Baked Ajwaini Paneer

Baked Ajwaini Paneer

Baked Ajwaini Paneer

Cooking time: 15 min


  • Paneer, 100 gms
  • Red chilli powder, 1 tsp
  • Ajwain (carom seeds) seeds, 2 tsp
  • Amchoor (dried mango) powder, 2 tsp
  • Grated nutmeg, a pinch
  • Turmeric, a pinch
  • Green chutney, 1 tbsp (optional)
  • Salt, to taste


  • If you are using store-bought paneer, warm it up in the microwave for 20 seconds.
  • Take the marinade ingredients – chilli powder, carom seeds, dry mango powder, nutmeg and turmeric – in a bowl and mix them with a tablespoon of water and make a paste.
  • Rub it on the paneer. Add couple of more tablespoons of water to the remaining marinade and pour it over the paneer.
  • Let it sit so for 30 minutes.
  • Warm the oven to gas mark 3 / 160 C / 325 F.
  • Towards the last 5 minutes, sprinkle some salt over the paneer and let it remain so till the 30 mins are up.
  • Take an oven-safe dish, butter it and place the marinated paneer and place the dish in the middle of the oven.
  • Bake for 15 minutes.
  • Cool for a minute. Drizzle the green chutney all around it.
  • Enjoy with a crisp salad.

Serving Suggestion

  • For meat-lovers, you can substitute the paneer with any flaky white fish. Marinade for longer, though. About 2-3 hours sounds right.
  • Both versions (paneer and fish) go awesomely well with a load of veggies. Since this is ‘dry’ try it with some form of gravy.
  • Needless to say rice will be this dish’s best friend. Rasam rice and this might be a weird but great combo!


  • Total calories ~ 340
  • Protein ~ 24 g
  • Fat ~ 27 g
  • Carbs – None
  • Fully fat natural dairy like paneer, in addition to being rich in protein and calcium, has been associated with reduced risk of heart attack. The only reason natural full fat cheeses were demonized was because of their saturated fat content. But now that we know saturated fats aren’t harmful (and in fact healthful), there is no reason to not indulge in some amazing natural cheeses!
  • Ajwaini or carom seeds, like many other spices, is known for its anti-oxidant and its anti-microbial properties and has research proving that it provides protection to cell walls by increasing the amount of DHA in cells of the brain, kidney and heart.

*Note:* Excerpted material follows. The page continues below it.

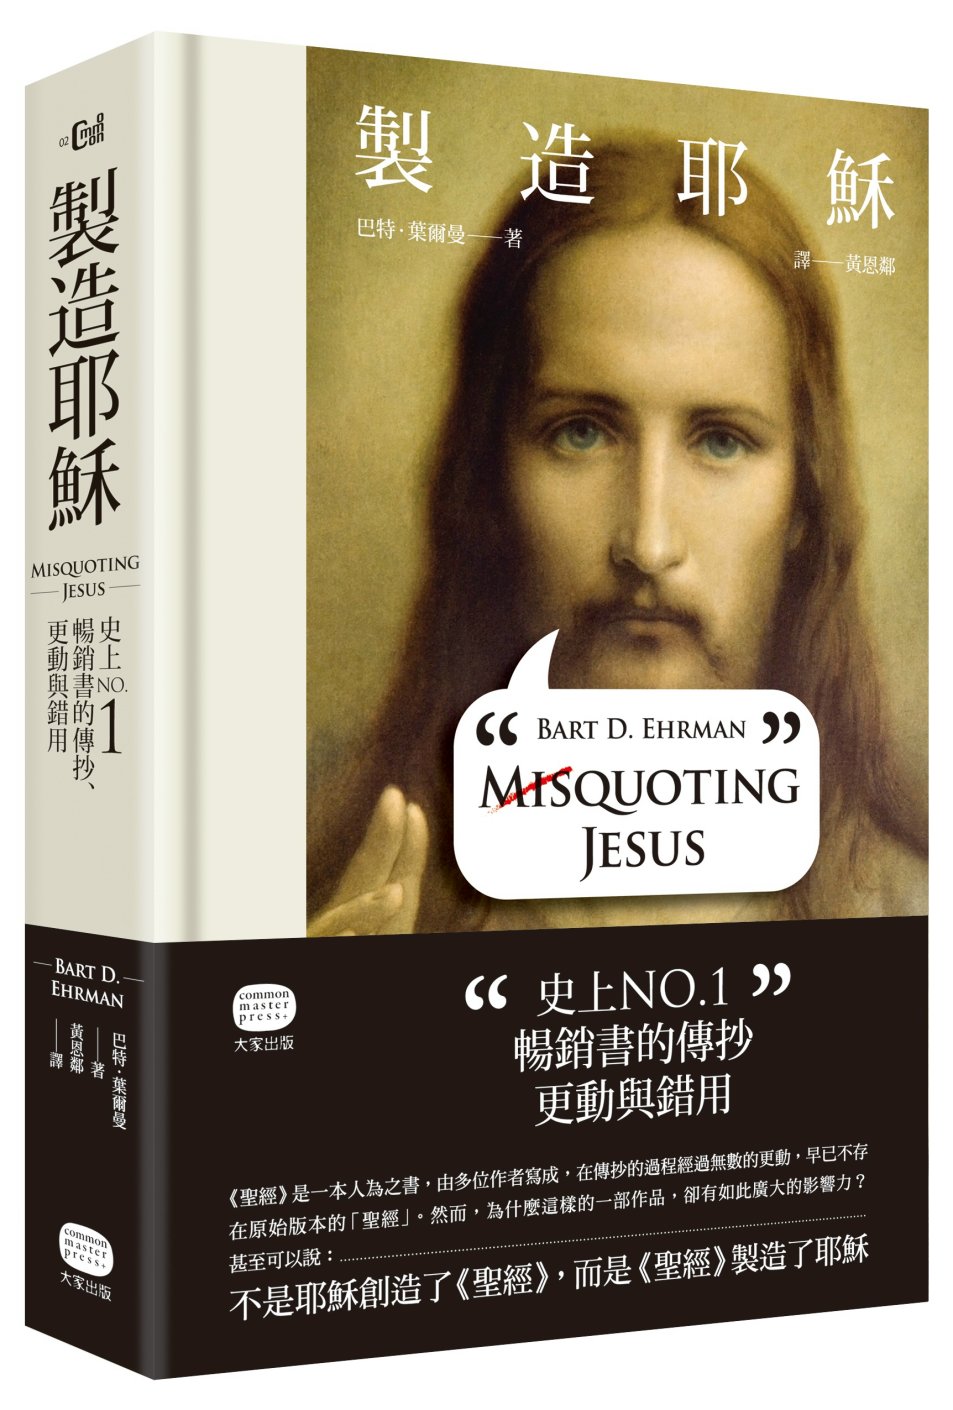 製造耶穌:史上NO.1暢銷書的傳抄.更動與錯用
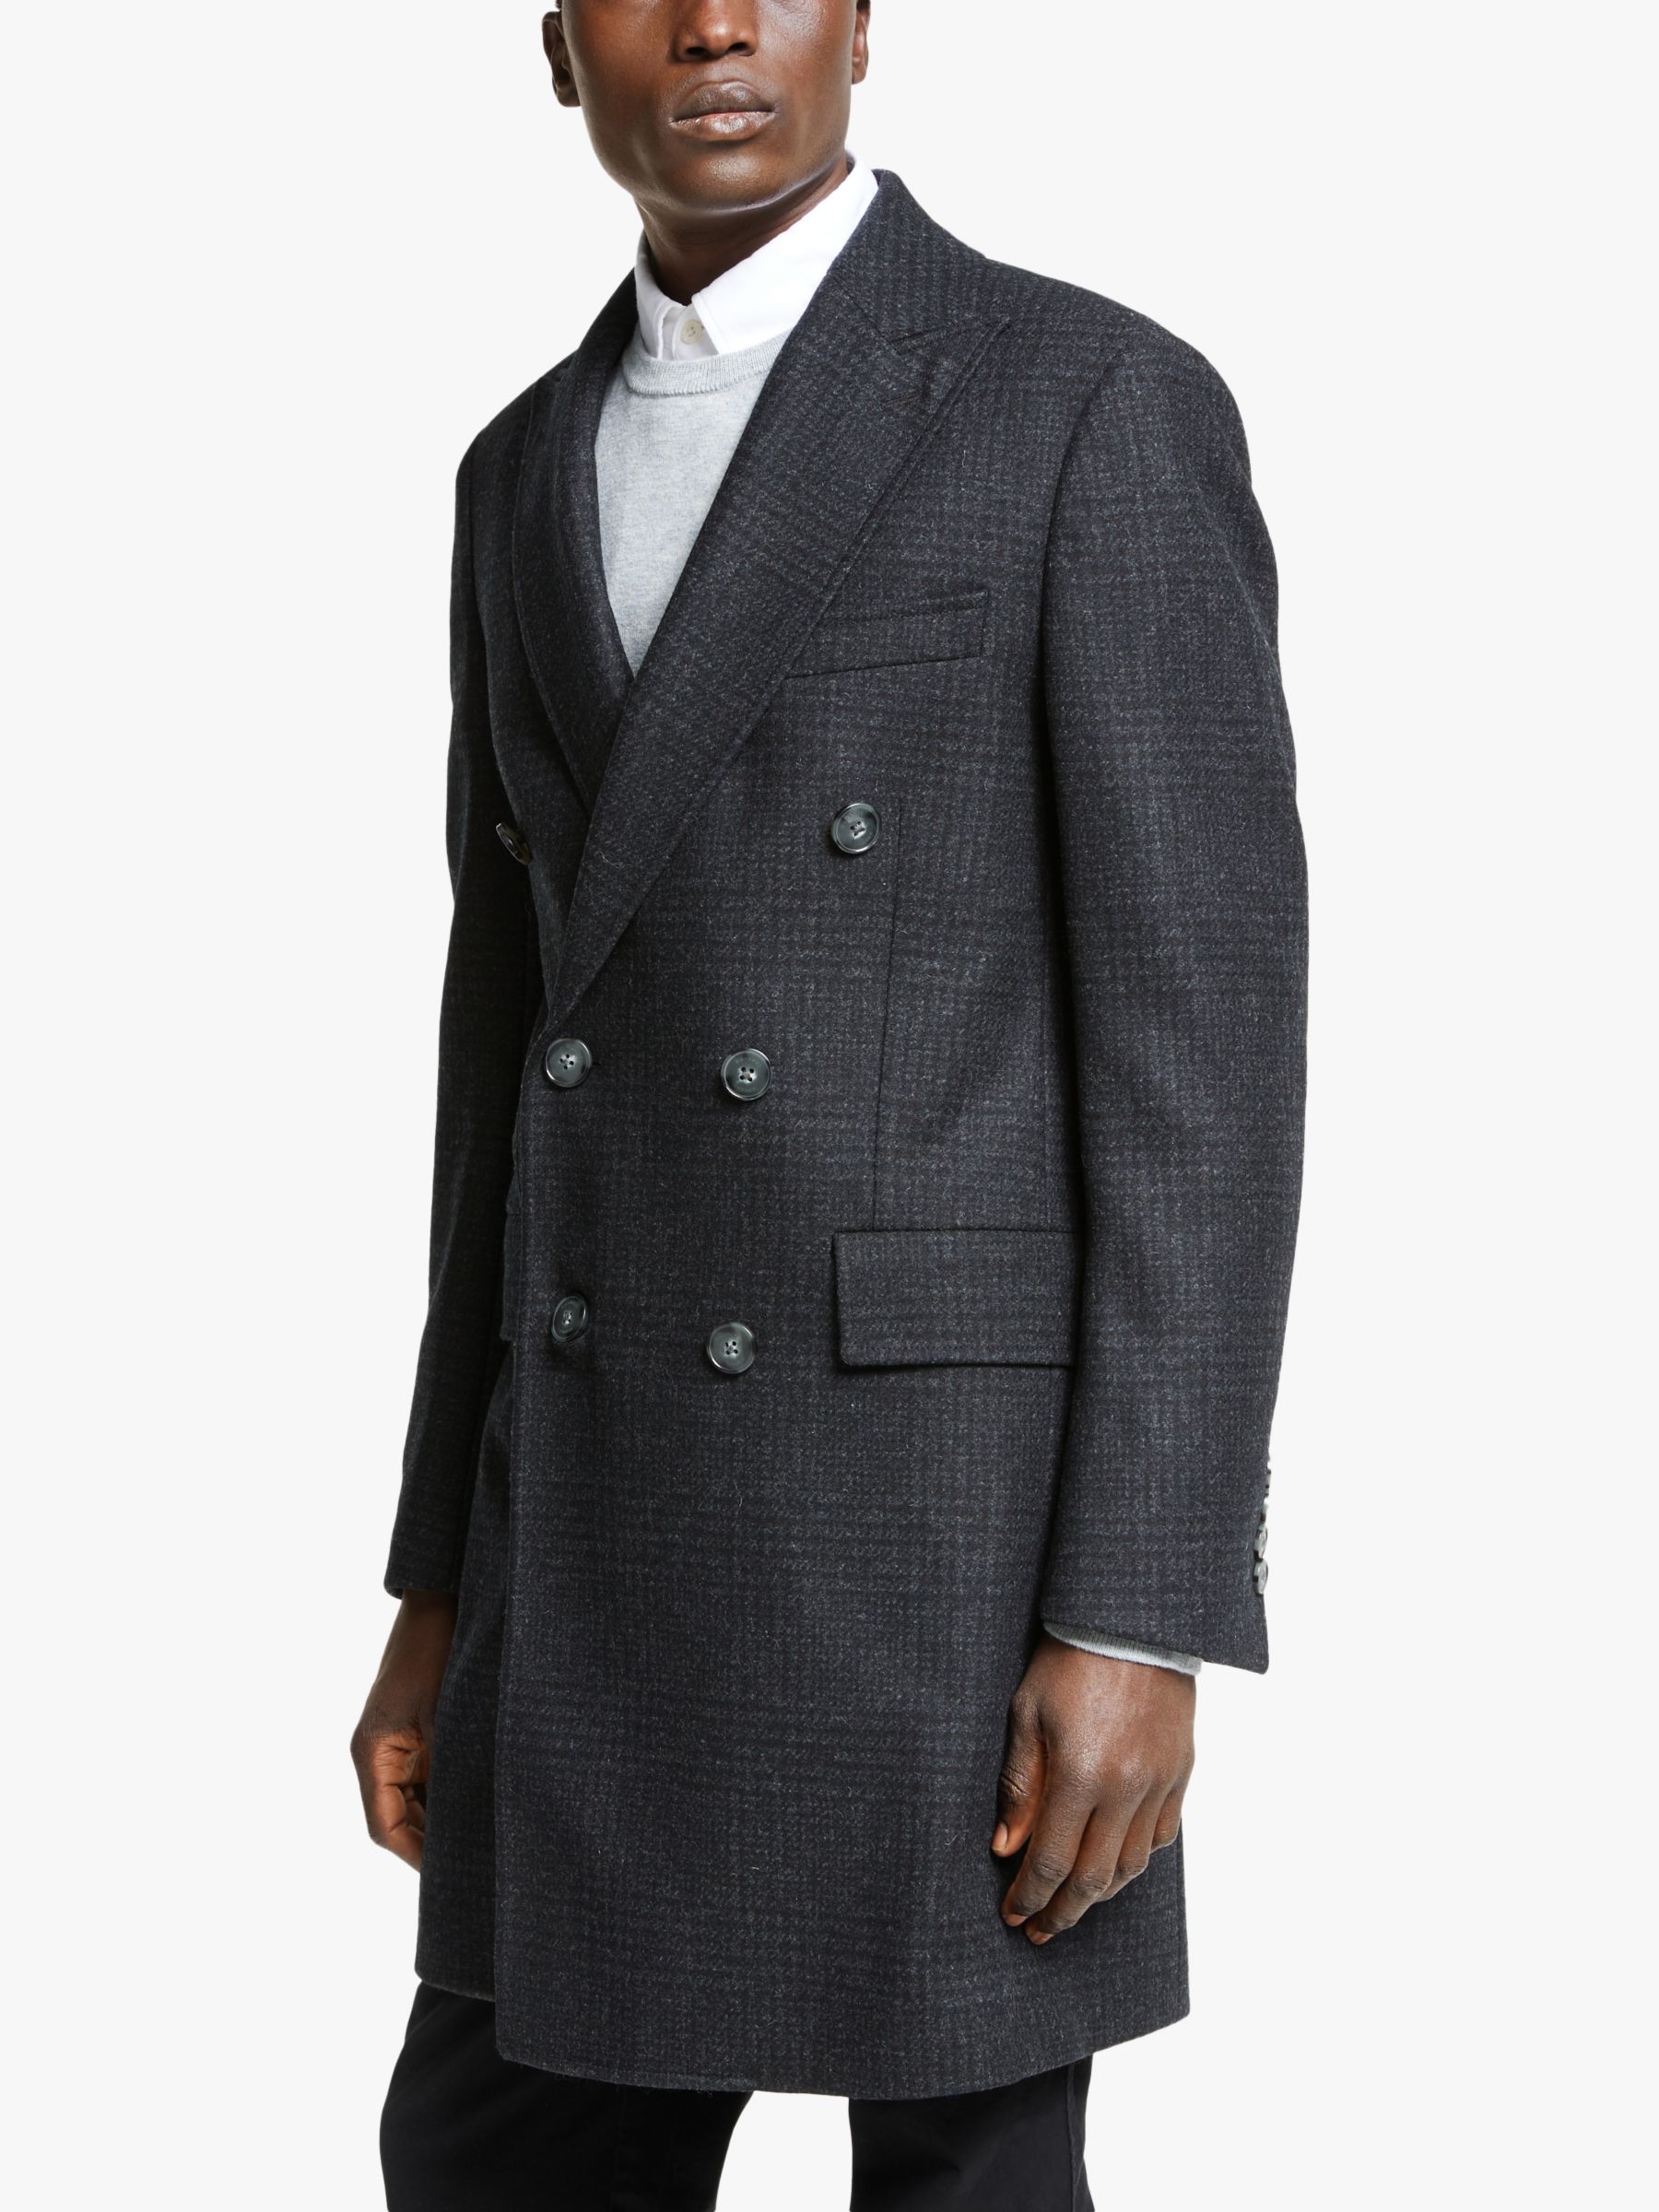 buy overcoat online

Note: This got a massive thumbs up from my 9-year-old son who whined he had to eat dosa while his dad and I got to eat THIS yummy thing! Next time, I am going to try this with the marinade just on top, not all over. I want to pile it on the top layer, as with baked fish, and see how that tastes.

Until next time… toodles!

Recipe by Lavanya Donthamshetty

Original fish recipe suggested by our reader and friend Monika Manchanda. Considering you eat real food all day everyday we’re sure you have some pretty amazing recipes as well. Please email us the recipes. We’ll post it right up and of course give you credit for it!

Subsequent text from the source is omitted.